邹氏此来,本想继续说服的。谁想竟看到这臭小子跟个不起眼的小丫头勾搭上了,难怪对自己那么优秀的侄女置之不理。

她身后,还跟着一帮夫人呢。一个个看好戏的模样。

能玩到一起,自然也不是什么好饼。店是严妙灵的,生意想做谁不做谁她说了算。

站起身迎上来,“邹夫人是吧!你也知道金哥是你们府上的大少爷啊。那贵府上的事可就得说道说道了。谁家嫡子财产不是分大头,你们可倒好,让嫡子净身出户。如今,看到我金哥生意做的风生水起了,又想来占便宜。你的脸怎么这么大呢?”

见邹氏一副要发作的样子,严妙灵眼睛不屑的翻了翻,“爬床上位的玩意果然是上不得台面。要是我,早就羞的龟缩在家里不出来,整日给先夫人上香赎罪了。哪曾想,有人脸都不要,还敢招摇过市的出来晃荡!”

“你!”邹氏边上的夫人气的半死,为好友鸣不平,“你个侍者有什么资格对我们吆五喝六,我们是客人。金大公子,你就是这么开门做生意的?”

老实说,金旭禾也挺愣的。好男不跟女斗,再说做生意讲究和气生财。他看到邹氏进来那一瞬,都在想怎么不声不响的将人送走呢。

谁想小丫头忽然发作了,话里话外处处是对自己的维护之意。

他是成年人,早过了受伤需要找人安抚的年纪。但忽然有这样的关心爱护,他还是感动的不行。站起身,“邓夫人误会了,她是我老板,我说了不算呢。

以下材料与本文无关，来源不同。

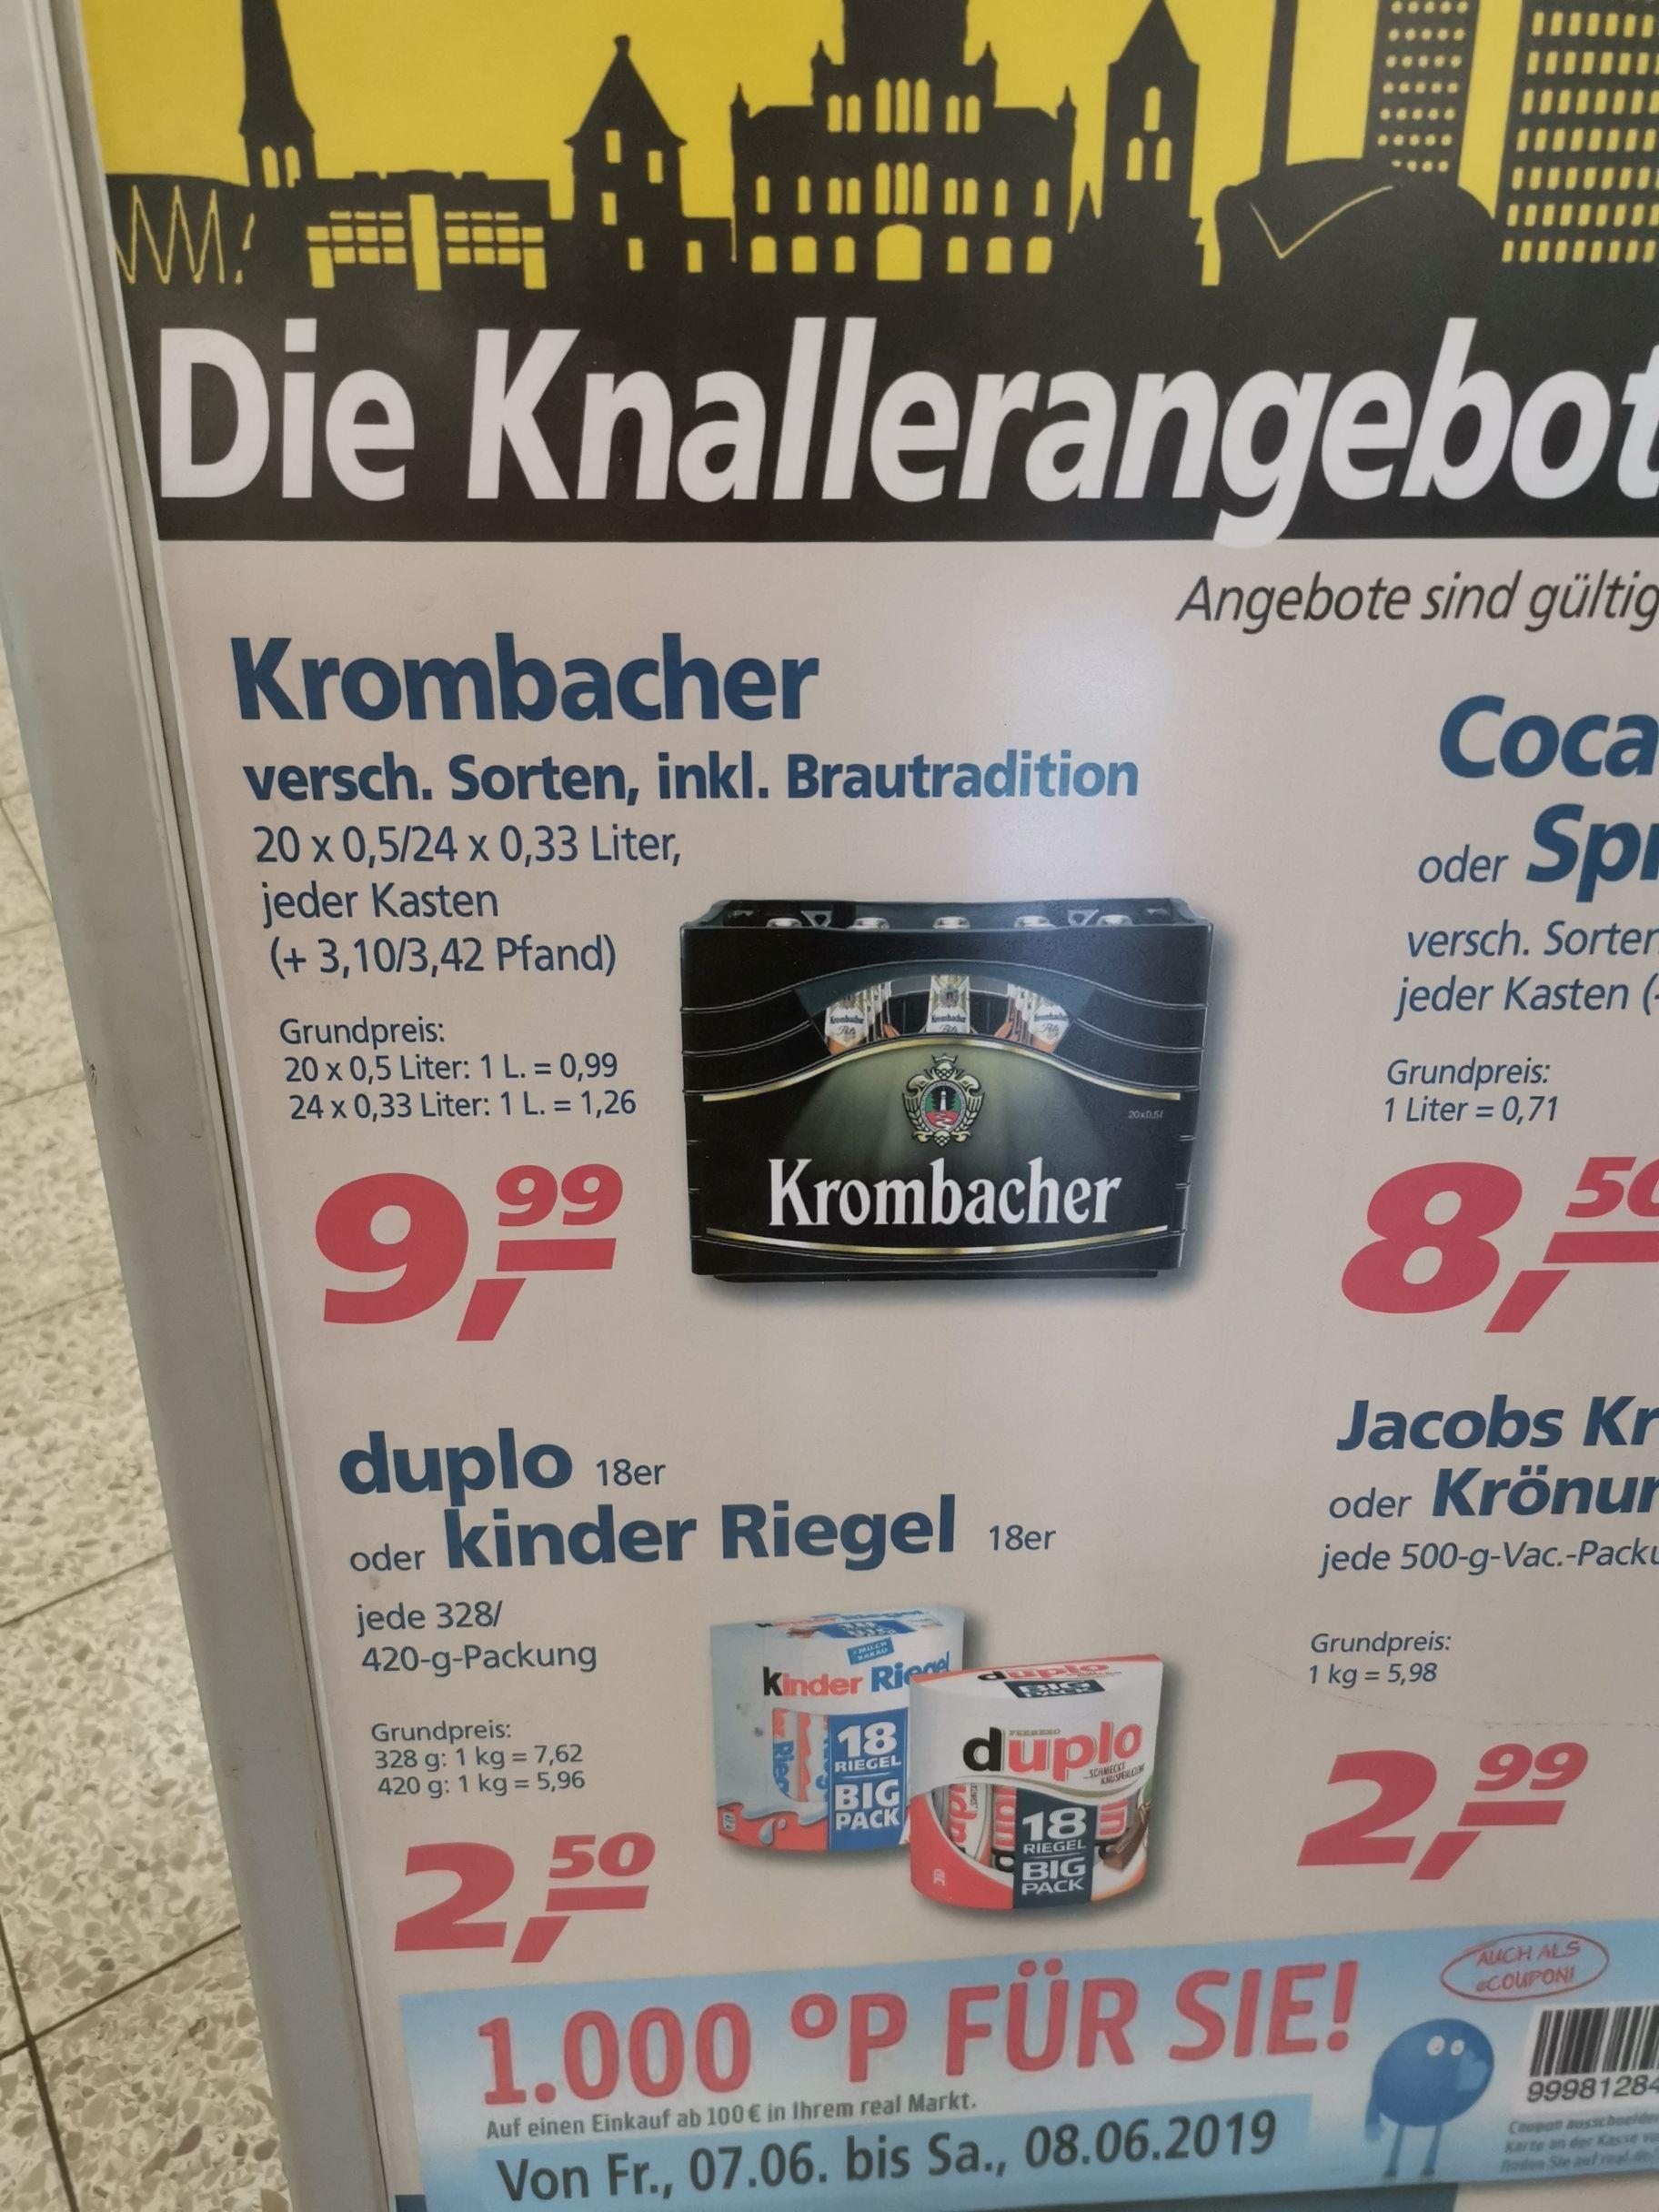 KROMBACHER - Real Dortmund-Eving [lokal]

”

“什么!”邹氏尖声,“她是老板?”一个十几岁的小丫头片子?她的女儿还在家里坐享其成呢,人家就成老板了?

她心里更嫉妒,语气不善,“老板又如何!那还不赶紧请我们坐下,将我们奉为座上宾?”说着,摇曳生姿的往楼上贵宾区去了。

那身段,那气质,严妙灵明知故问,还故意很大声,“金哥,你后娘是妓女出身吗?走路姿势像专门训练过的。还有点腿合不拢的感觉!”